Les Considérations
C'est sous ce point de vue qu'il faut envisager l'ouvrage de M. de Montesquieu: il trouve les causes de la grandeur des Romains dans l'amour de la liberté, du travail et de la patrie, qu'on leur inspirait dès l'enfance; dans la sévérité de la discipline militaire; dans ces dissensions intestines qui donnaient du ressort aux esprits et qui cessaient tout-à-coup à la vue de l'ennemi; dans cette constance après le malheur, qui ne désespérait jamais de la république; dans le principe où ils furent toujours de ne faire jamais la paix qu'après des victoires; dans l'honneur du triomphe, sujet d'émulation pour les généraux; dans la protection qu'ils accordaient aux peuples révoltés contre leurs rois; dans l'excellente politique de laisser aux vaincus leurs dieux et leurs coutumes; dans celle de n'avoir jamais deux puissants ennemis sur les bras, et de tout souffrir de l'un jusqu'à ce qu'ils eussent anéanti l'autre. Il trouve les causes de leur décadence dans l'aggrandissement même de l'État, qui changea en guerres civiles les tumultes populaires, dans les guerres éloignées qui forçant les citoyens à une trop longue absence, leur faisaient perdre insensiblement l'esprit républicain; dans le droit de bourgeoisie accordé à tant de nations et qui ne fit plus du peuple romain qu'une espèce de monstre à plusieurs têtes; dans la corruption introduite par le luxe de l'Asie; dans les proscriptions de Sylla qui avilirent l'esprit de la nation, et la prépareront à l'esclavage; dans la nécessité où les Romains se trouvèrent de souffrir des maîtres, lorsque leur liberté leur fut devenue à charge; dans l'obligation où ils furent de changer de maximes, en changeant de gouvernement; dans cette suite de monstres qui régnèrent, presque sans interruption, depuis Tibère jusqu'à Nerva, et depuis Commode jusqu'à Constantin; enfin dans la translation et le partage de l'empire, qui périt d'abord en Occident par la puissance des Barbares, et qui après avoir langui plusieurs siècles en Orient sous des empereurs imbéciles ou féroces, s'anéantit insensiblement comme ces fleuves qui disparaissent dans des sables.

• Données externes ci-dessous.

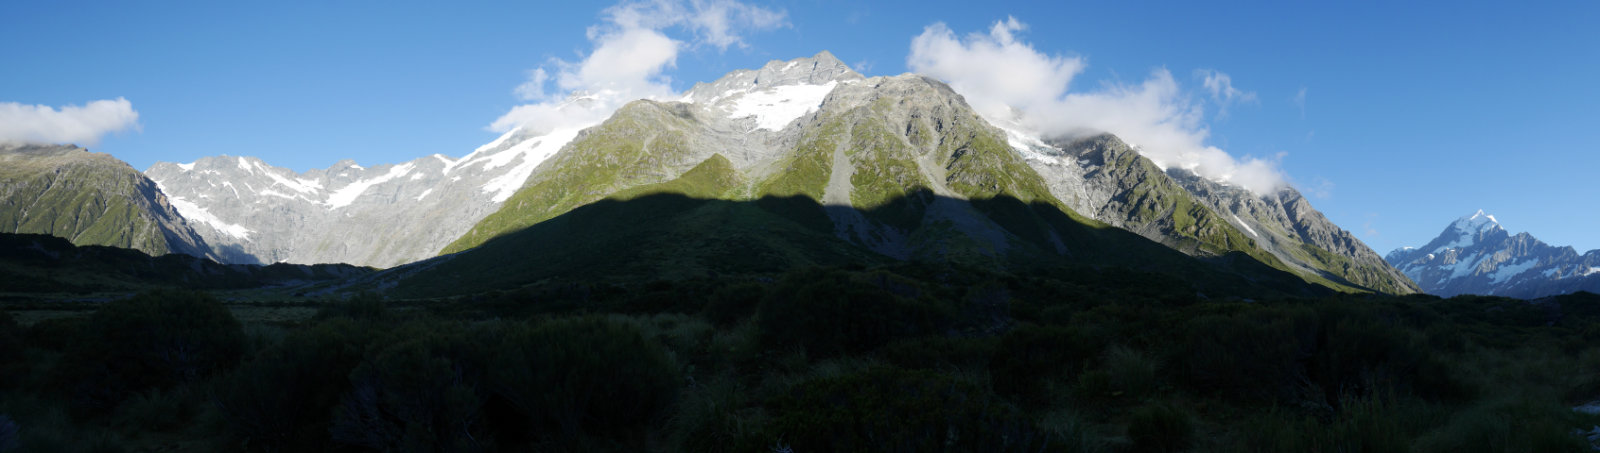 Mount Sefton View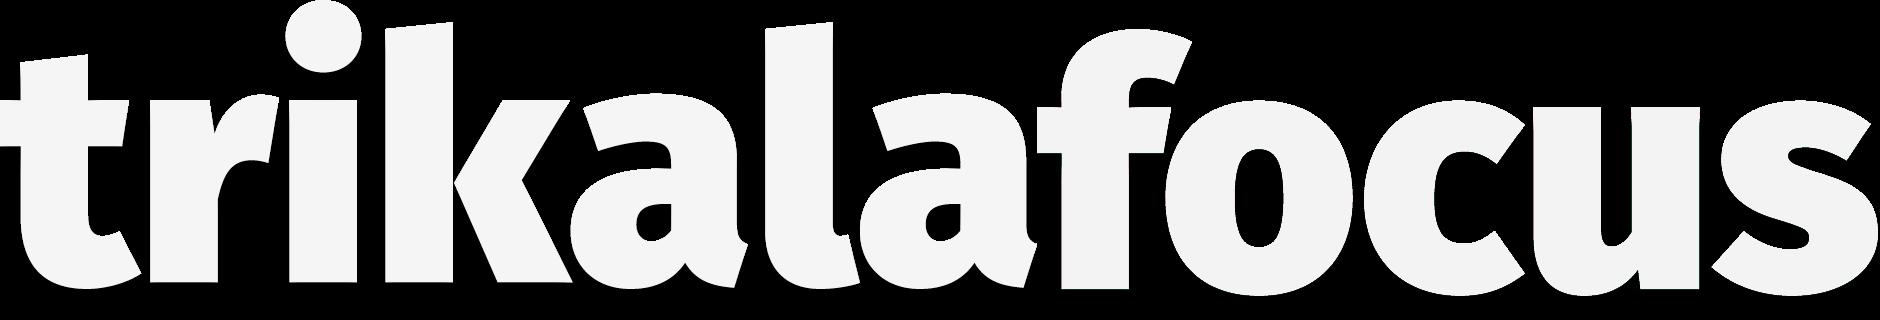 https://www.trikalafocus.gr/wp-content/uploads/2019/11/logo-w.png

Un assez petit volume a suffi à M. de Montesquieu pour développer un tableau si intéressant et si vaste. Comme l'auteur ne s'appesantit point sur des détails, et ne saisit que les branches fécondes de son sujet, il a su renfermer en très peu d'espace un grand nombre d'objects distinctement aperçus et rapidement présentés sans fatigue pour le lecteur, en laissant beaucoup voir, il laisse encore plus à penser et il aurait pu intituler son livre: Histoire romaine à l'usage des hommes d'État et des philosophes.